▶ INFORMATION GIVEN:
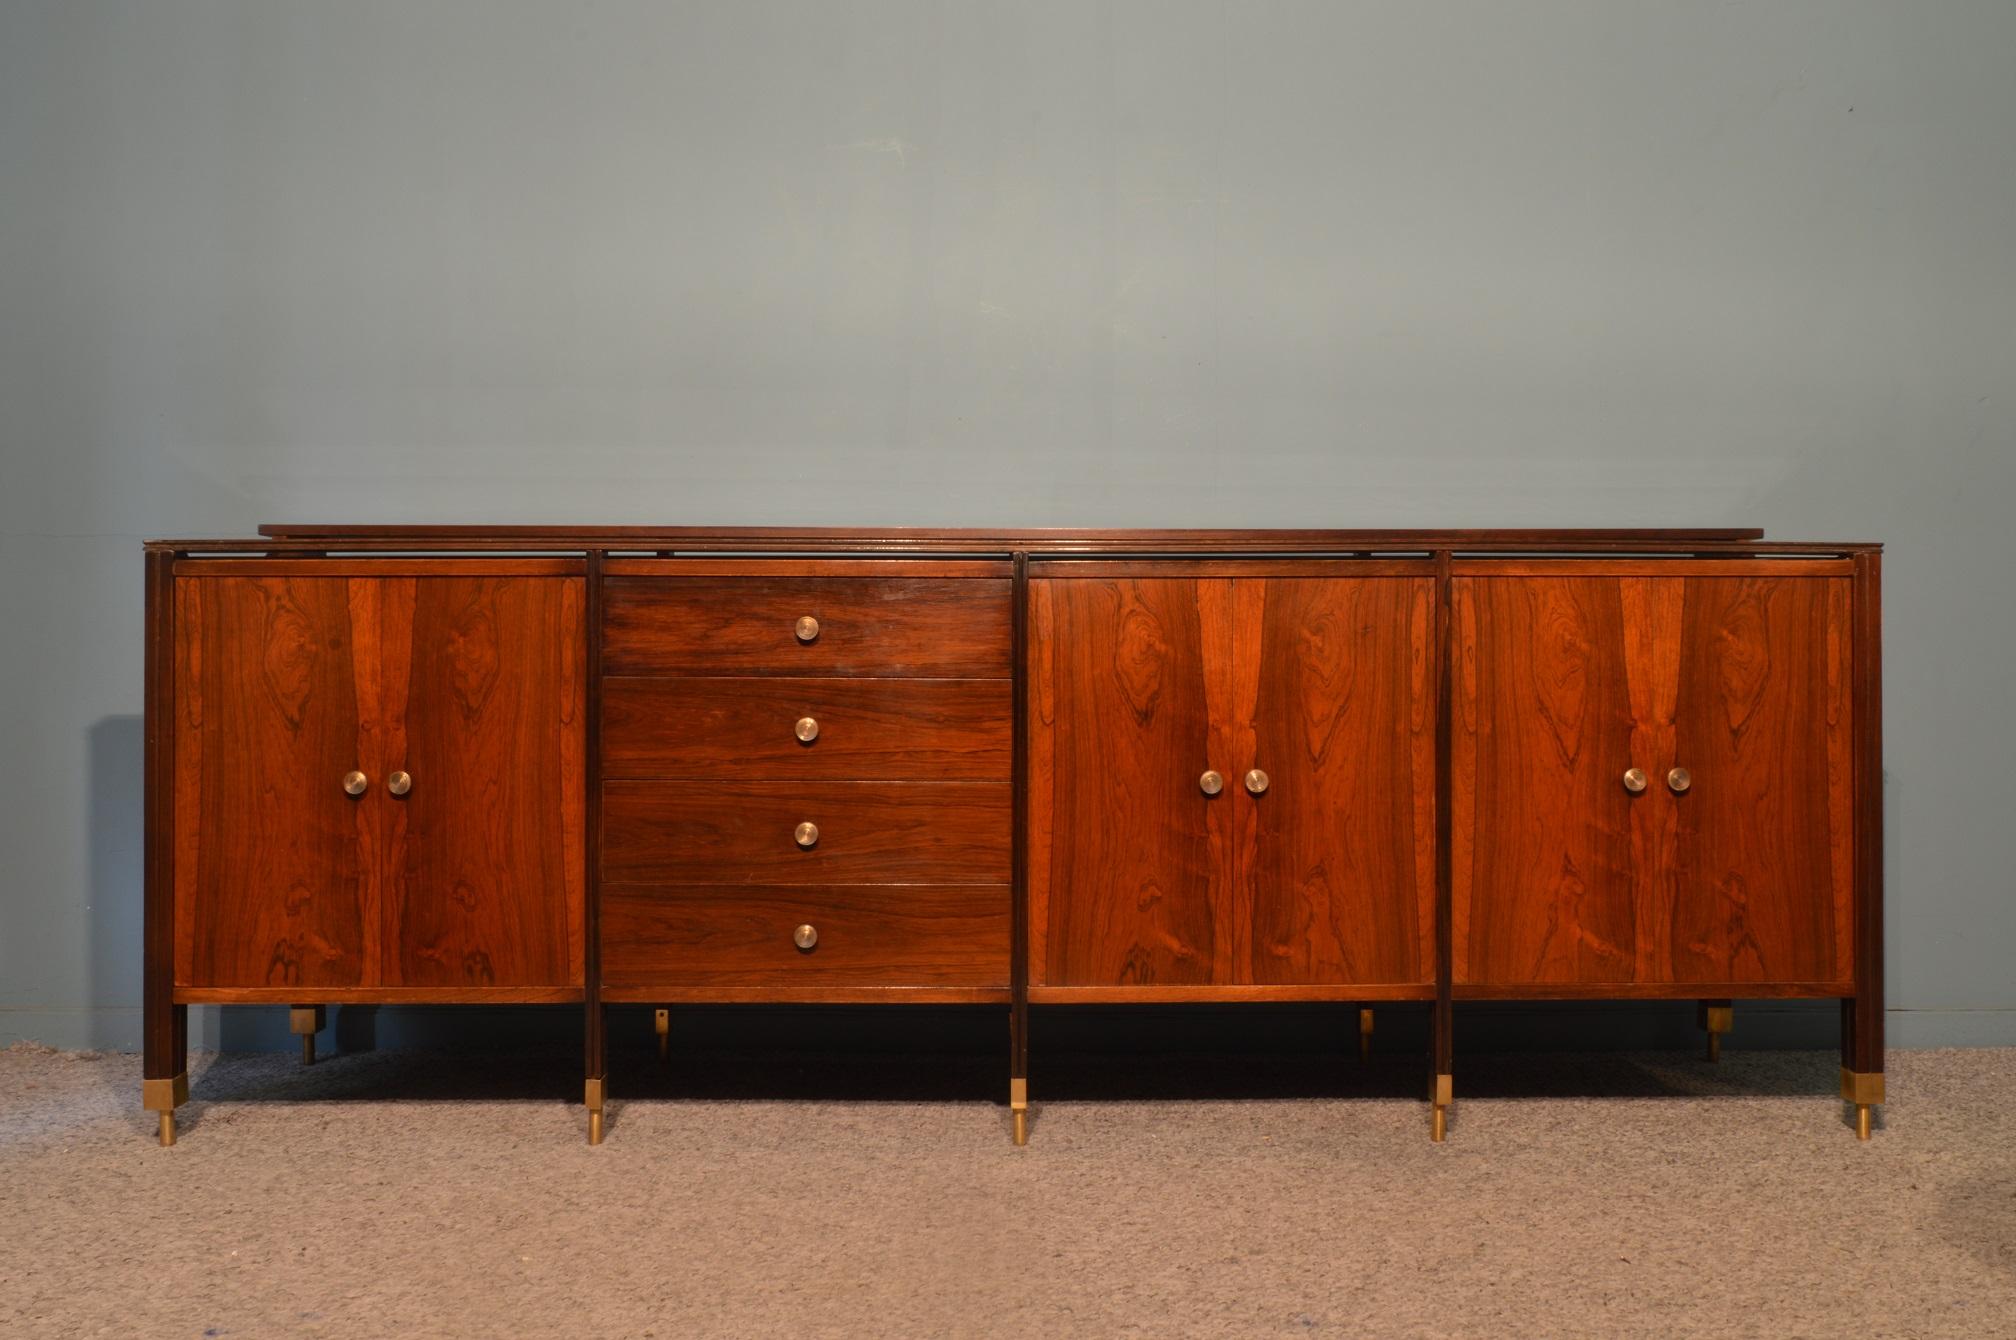 Sideboard bi Carlo di Carli in rosewood, opaline glass and brass.
Italian work, circa 1960.
The top is covered by a black opaline glass.
Each parts are in rosewood even back and inside.
Each feet and handles are in solid brass.
This furniture

▶ YOUR OBJECTIVE: Print the records above exactly, minus pictures.

▶ PROBLEM SOLUTION:
 Sideboard bi Carlo di Carli in rosewood, opaline glass and brass.
Italian work, circa 1960.
The top is covered by a black opaline glass.
Each parts are in rosewood even back and inside.
Each feet and handles are in solid brass.
This furniture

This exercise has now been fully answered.